Loken and Gelman wrote a confusing article about the interpretation of effect sizes in studies with small samples and selection for significance. They compare random measurement error to a backpack and the outcome of a study to running speed. Common sense suggests that the same individual under identical conditions would run faster without a backpack than with a backpack. The same outcome is also suggested by psychometric theories that suggest random measurement error attenuates population effect sizes, which would make it harder to demonstrate significance and produce, on average, weaker effect sizes.

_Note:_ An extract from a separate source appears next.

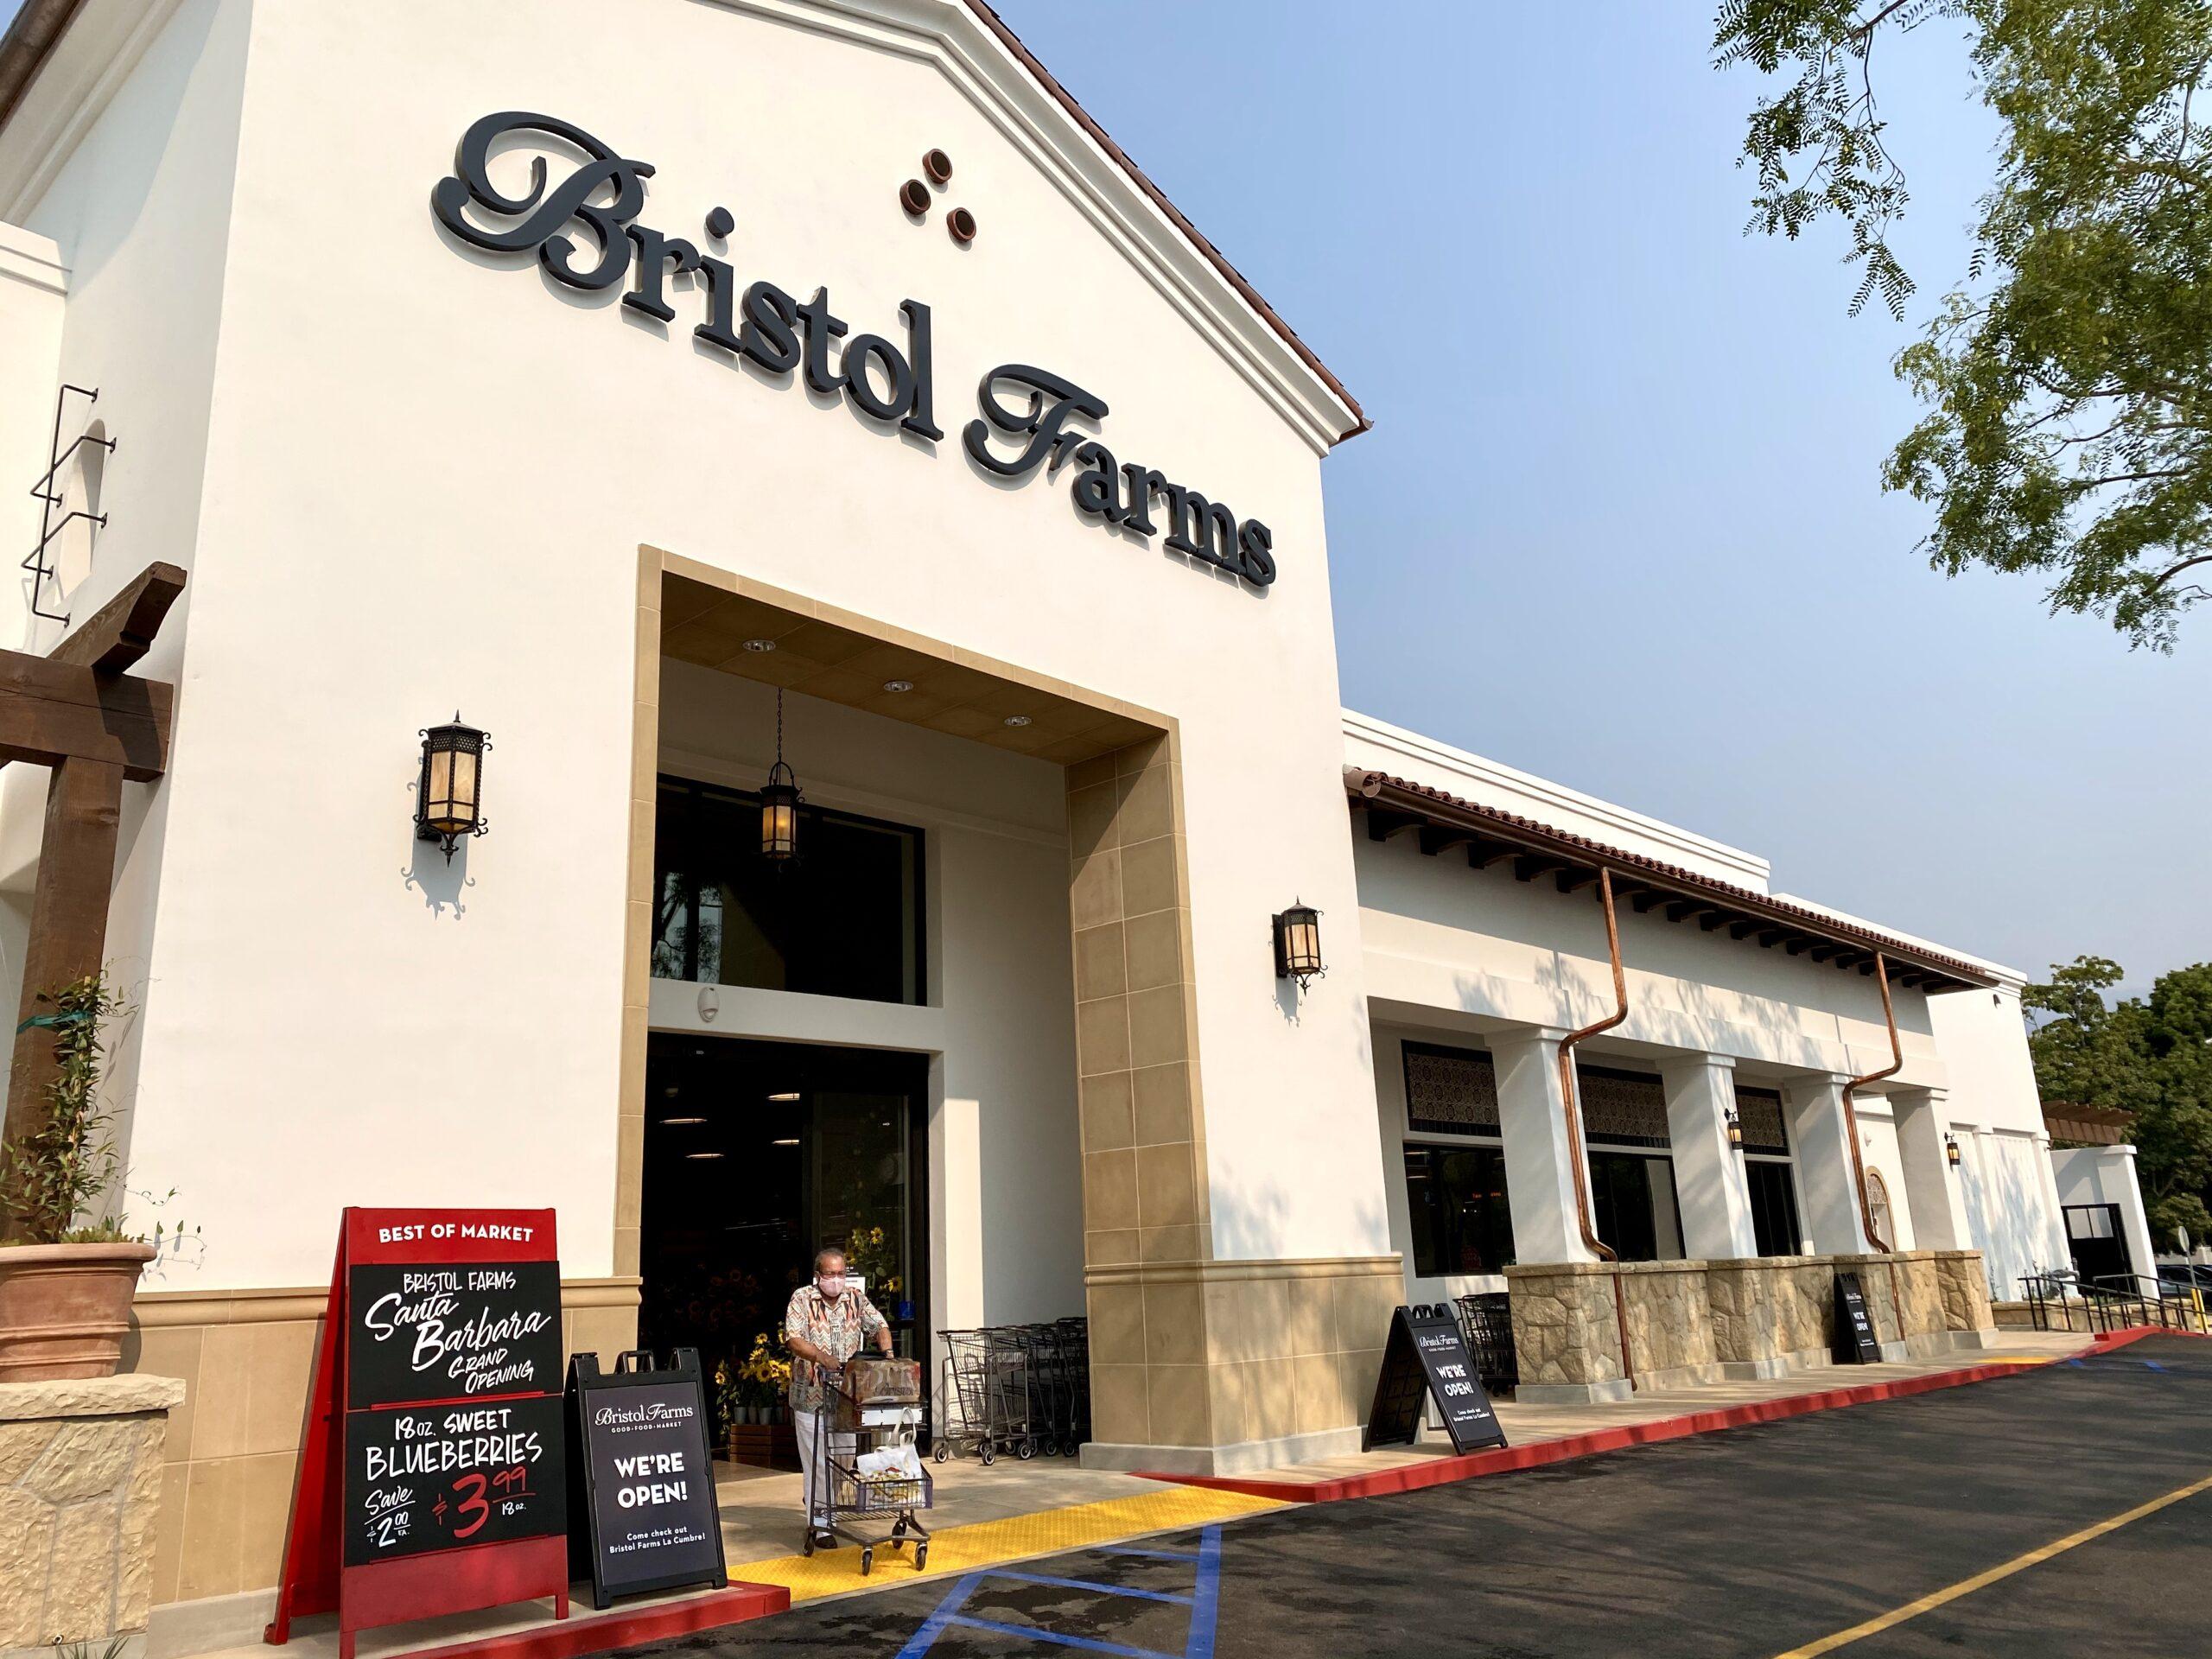 Bristol Farms Debuts New Store In Santa Barbara In San Diego Belly Up 2021 Calander

The key point of Loken and Gelman's article is to suggest that this intuition fails under some conditions. "Should we assume that if statistical significance is achieved in the presence
of measurement error, the associated effects would have been stronger without
noise? We caution against the fallacy"
To support their clam that common sense is a fallacy under certain conditions, they present the results of a simple simulation study. After some concerns about their conclusions were raised, Loken and Gelman shared the actual code of their simulation study. In this blog post, I share the code with annotations (###US) and reproduce their results. I also show that their results are based on selecting for significance only for the measure with random measurement error (with a backpack) and not for the measure without a backpack (no random measurement error). Reversing the selection shows that selection for significance without measurement error produces stronger effect sizes even more often than selection for significance with a backpack. Thus, it is not a fallacy to assume that we would all run faster without a backpack holding all other factors equal. However, a runner with a heavy backpack and tailwinds might run faster than a runner without a backpack facing strong headwinds. While this is true, the influence of wind on performance makes it difficult to see the influence of the backpack. Under identical conditions backpacks slow people down and random measurement error attenuates effects.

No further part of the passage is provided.